Платон, сын Аполлона
Шрифт:
Посвящение было окончено. Отныне Платон считался жрецом Осириса. Он мог остаться на всю жизнь при храме. Так бы и поступил, если бы был египтянином.
Чужестранцу разрешалось покинуть храм, вернуться на родину, чтобы основать там культ божества, в тайны которого посвящён, либо выполнить иную миссию, возложенную на него жрецами храма.
— Ты помнишь, о чём мы говорили, обсуждая вопрос о главном деле мудреца на земле? Мы говорили о том, что его главное дело заключается в способности положить прочные камни истины в основание государства, коим вечно станут править мудрецы и подвластные им правители. Такое государство угодно Богу, ибо в нём осуществляется Его замысел о совершенстве человеческого рода, что немыслимо без мудрости, любви, красоты, правосудия, знания, славы и бессмертия. Это твоя миссия, Платон. Учи и повелевай.
— Я знаю, —
— Прощай, Птанефер. — Философ прижал к груди своего сильно постаревшего за эти годы наставника и добавил: — Встретимся.
— Может быть, — ответил Птанефер. — Может быть, — повторил он со вздохом, отстранившись от Платона, и вытер старческую слезу краем своего белого хитона. Он и сам уже стал белым. Даже смуглая кожа его выцвела и стала похожа на блеклый песок мёртвой пустыни Саккара. А ногти на худых руках светились словно прозрачные камешки.
Платон вышел за ворота и направился к пристани. Шёл девятый день Мехира, второго месяца разлива. Владыка света, как египтяне называют солнце, приближался к зениту, было жарко и влажно. Вопреки пословице, что своя ноша не тянет, окованный медью дорожный сундук за плечами сразу же показался Платону тяжёлым.

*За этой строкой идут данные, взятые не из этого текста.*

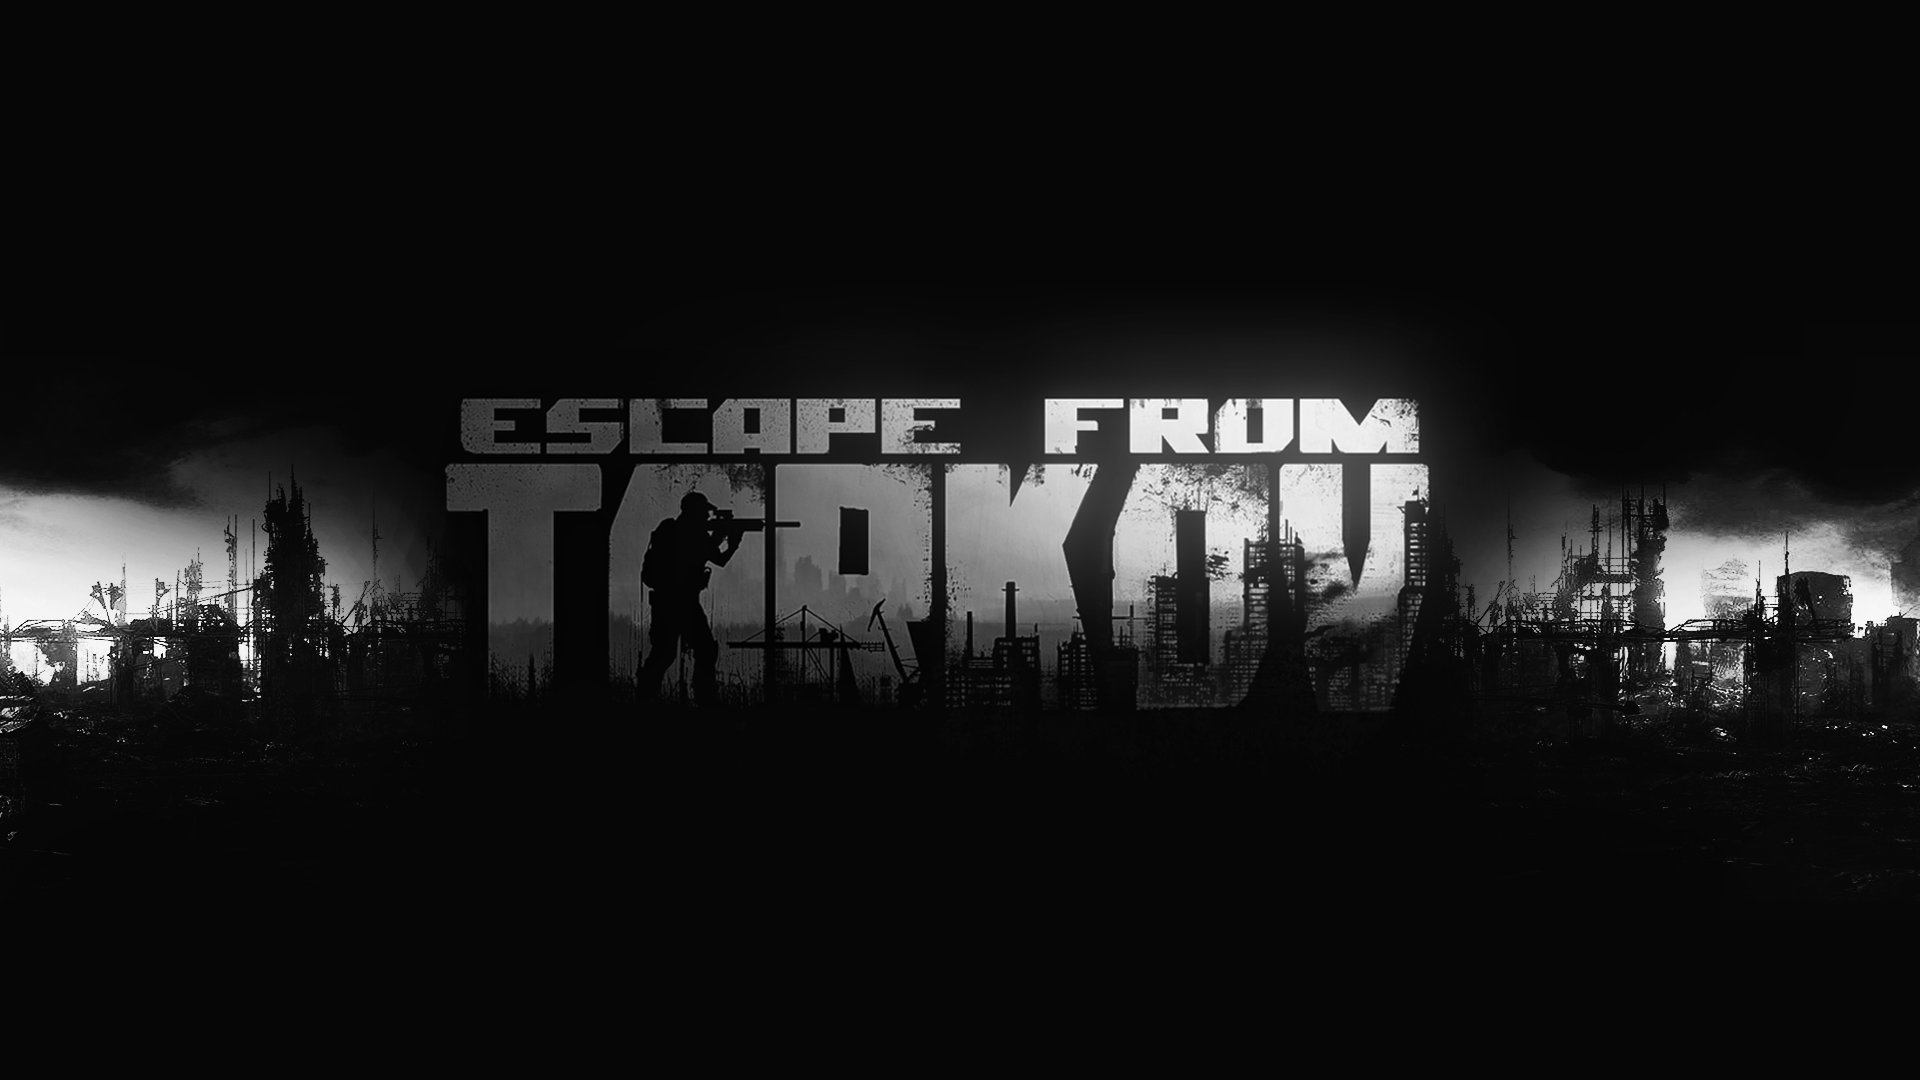 Escape From Tarkov Free Download
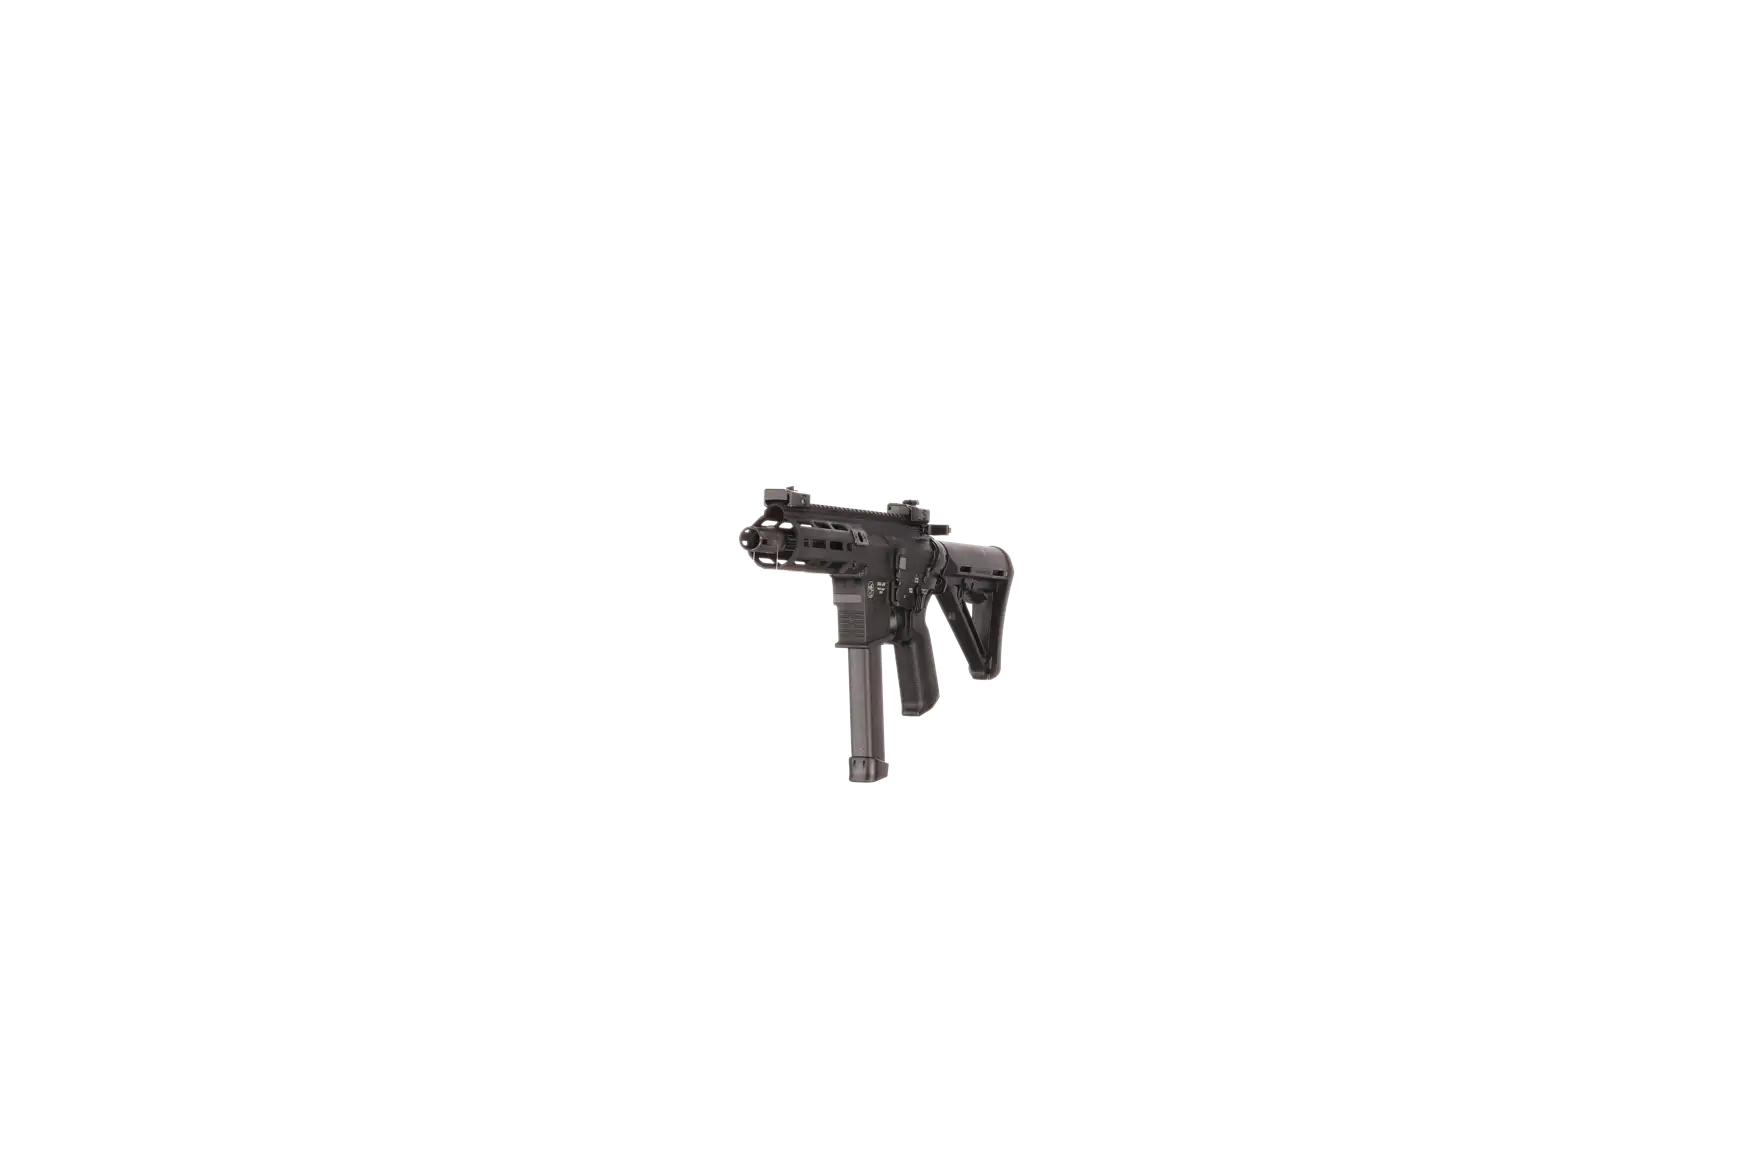 Náhledový obrázek pušky V-AR 9mm luger SPINVIEW 1 R23

Философ с грустью подумал, что долгая жизнь в храме не прибавила ему ни здоровья, ни сил. А что он приобрёл? Убеждённость в том, что мир — не случайное и беспорядочное скопление видимых и невидимых предметов, не бездуховная свалка материи, но созданный по разумным и незыблемым законам великий организм, и совокупность этих законов именуется словом «жизнь». Она одна и есть Бог Мира, бессмертный, всесильный и всеведущий. Жизнь проявляется в тысячах форм, что изменчивы и преходящи, но сама она не имеет к смерти никакого отношения. Смерть противоположна не жизни, но форме, ибо означает бесформенность или разрушение формы.
Жизнь для смерти недоступна. Она вечна и бесконечна. Она — бог, она — свет, она — разум, она — благо, она — истина... И в ком утвердились, преобладая над всем бренным, свет, разум, благо, истина, любовь, красота, справедливость, тот бессмертен. Как бог? Или посланец бога, избранный им для великой миссии утверждения его воли на земле?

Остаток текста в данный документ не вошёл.